The median number of days for returning to productive activities and employment are shown in Table 4 by income and race. Participants reported returning more quickly to productive activities at 1.5 years, compared with employment at 1.8 years. Fifty percent of African Americans reported returning to productive activities at 3.5 years, compared with whites at 1.3 years. Those in the 75th income percentile returned to work about 1.4 times faster (209 days) than those in the 25th percentile.
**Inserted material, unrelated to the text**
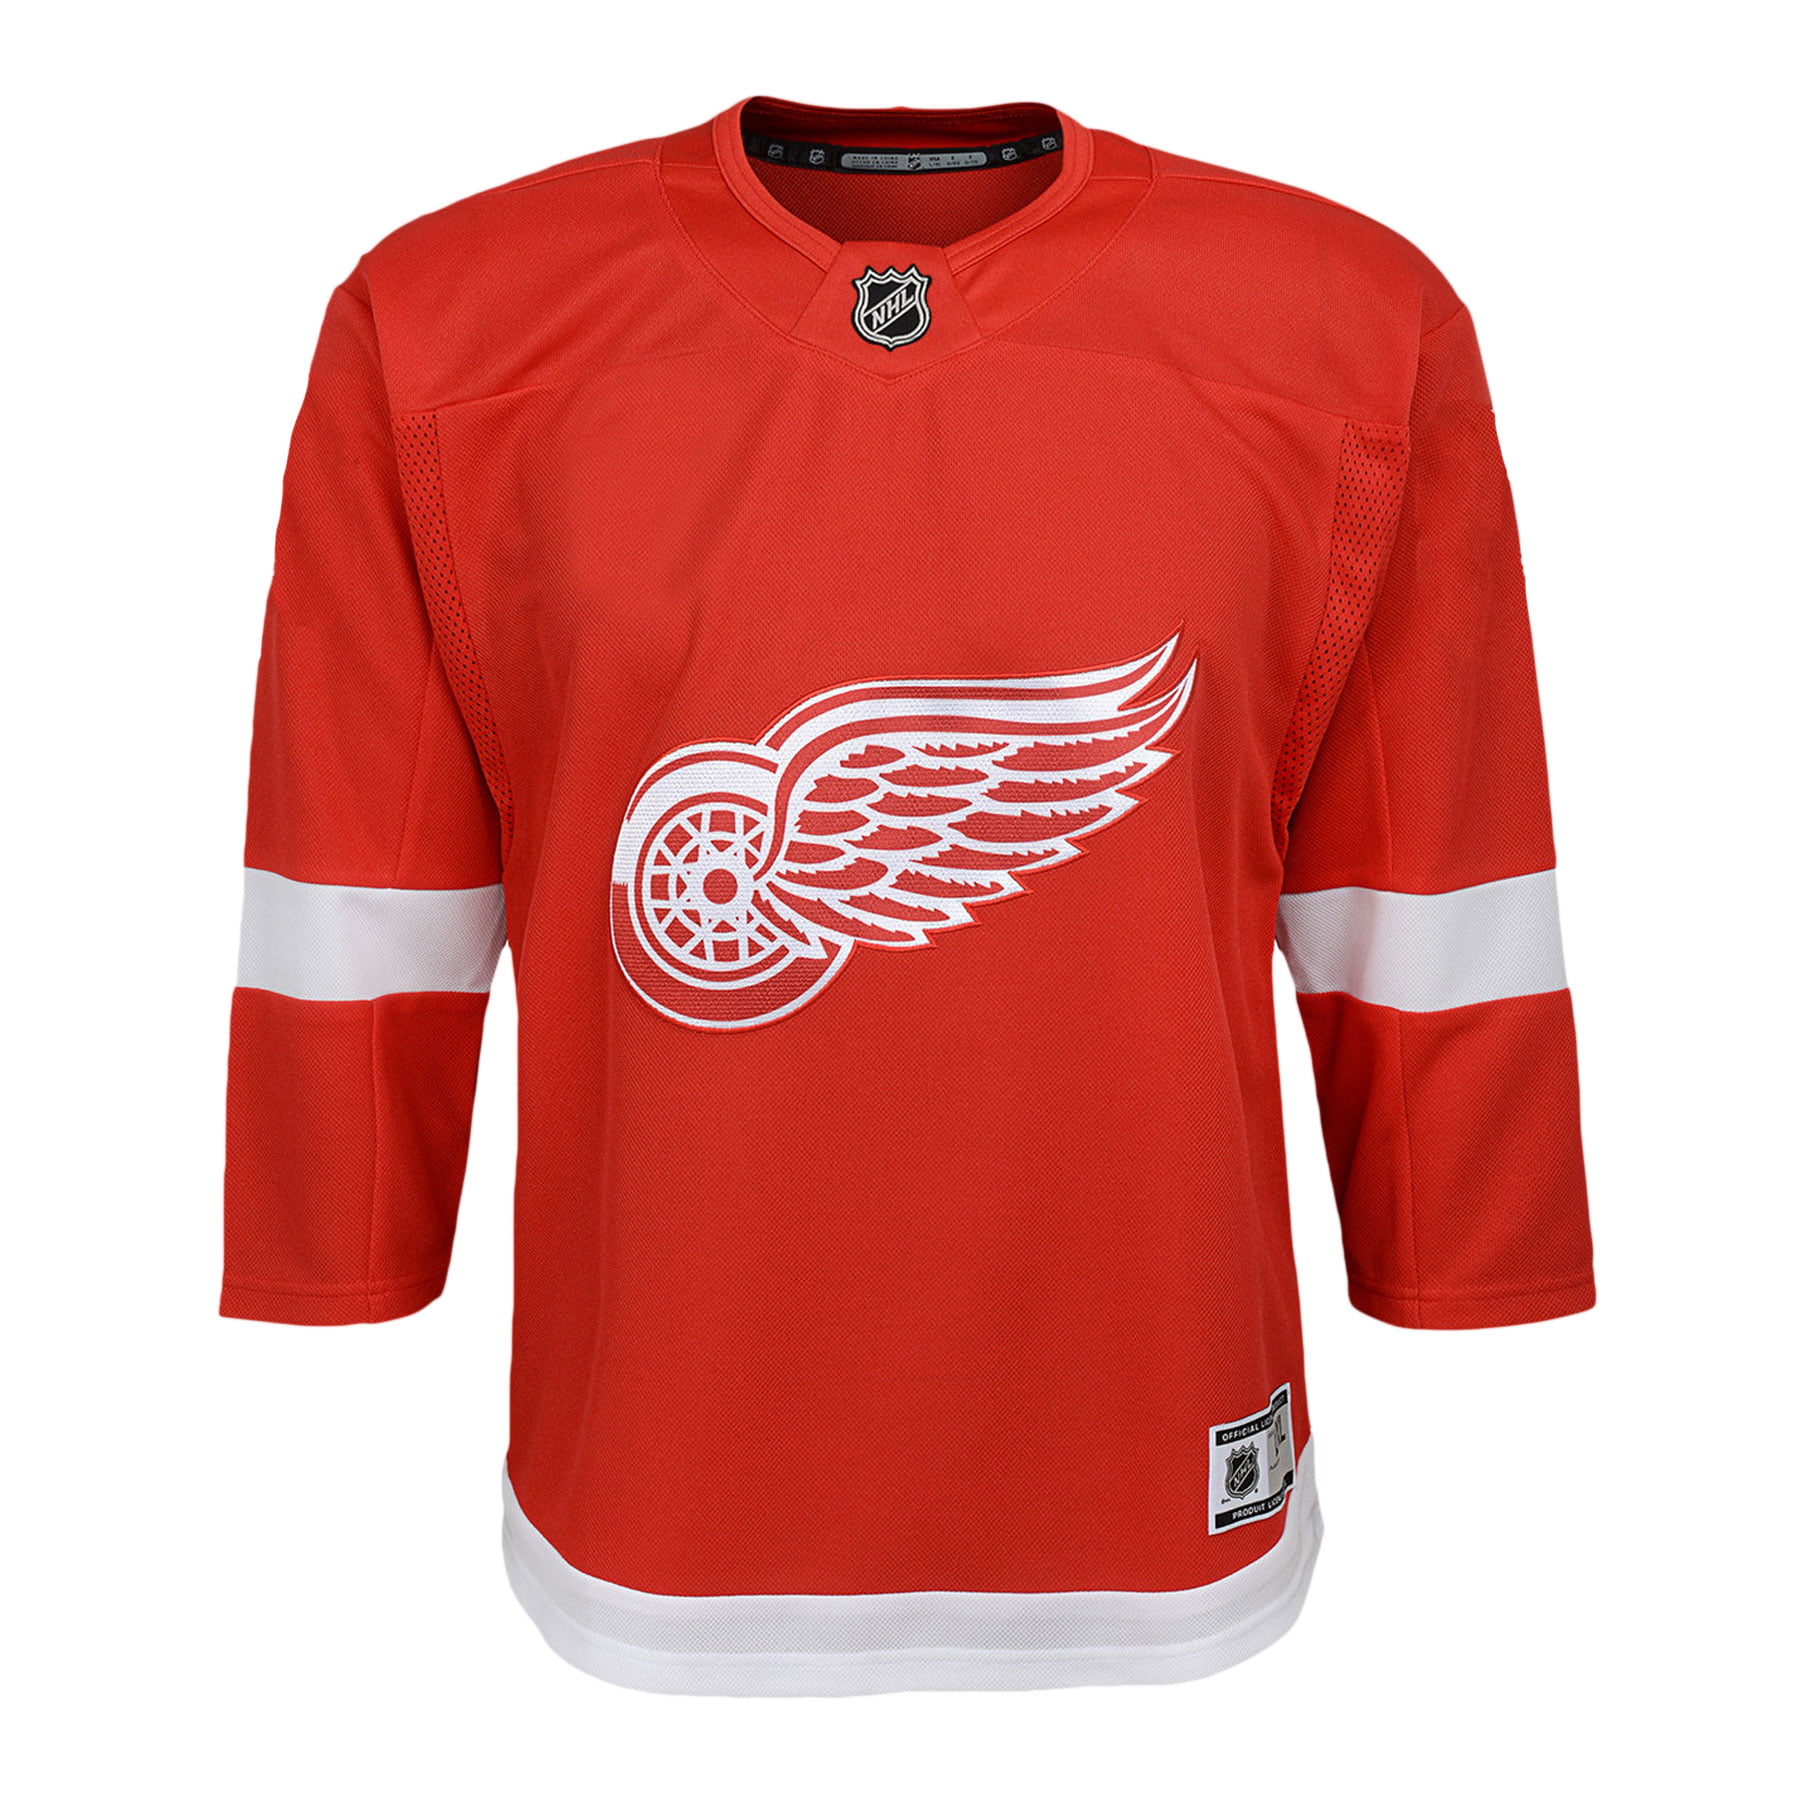 nhl teams with red jerseys

Table 4 Median days to return work or pre-injury activities

Discussion

Many of the findings here, under stronger methods, mirror those of previous studies. The data indicate that being older at the time of injury significantly decreases the likelihood of return to employment and productive activities, while being white significantly increases this probability. Unlike most other studies, gender played no role in either affecting the time to return to work or to productive activities. One explanation for the effect of gender is that it acts as a proxy for financial resources and the type of work.1 Analytic methods and taking income into account may explain its lack of effect here.

The effect of health insurance at the time of injury is noteworthy. Being uninsured did not affect either the likelihood of returning to employment or productive activities. However, being insured by Medicaid at the time of injury significantly reduced the likelihood related to general productive activities, such as training or seeking employment. This result was similar to that of Tate et al.11 who found that SCI survivors with private pay insurance were more likely to engage in work and school activities than those with Medicaid coverage. Other work reports that fears of losing insurance benefits generally act as a disincentive to return to work, although they do not distinguish between insurance types.1 In this study, among those employed at the time of injury, the effect of Medicaid was a negative, but nonsignificant trend (P<0.10).

Understanding the role of health insurance in employment paths post injury is important in aiding in the design of effective assistance programs. For example, for those covered by Medicaid, programs must address the issue of maintaining this insurance as their incomes rise, particularly as their health needs have likely increased post injury, or assisting them in transferring to a new insurance policy. In the United States, very few programs, such as the ‘Ticket to Work Initiative’, have been designed to help people with disabilities secure employment, while maintaining all or some of their Medicaid benefits.18

Future research must address clear questions to move the discussion forward and longitudinal studies are critical. For example, benefits at the time of injury may differ from those for which an SCI survivor becomes eligible post injury. The effect of benefits on work may be different for those returning to employment versus not employed at the time of injury. Benefits may also be important if they act as a disincentive to seeking education and training, as the results here suggest. Decisions about education and training in the short run affect the likelihood of future employment.

Being white and having a higher income played a significant role in both models with the same effect: both were related to a higher likelihood of return to work or productive activities. The effect of race has been well documented,5 but this is the first study to show that race acts as a barrier even when income and insurance status at the time of injury are taken into account. The effect remains among the subset of those employed at the time of injury. These findings point to the importance of examining what structural barriers may exist for African Americans who are seeking work post injury, such as transportation, employment discrimination or access to care. Understanding how race relates to these structural barriers, within a larger sample, could help to extend the current findings.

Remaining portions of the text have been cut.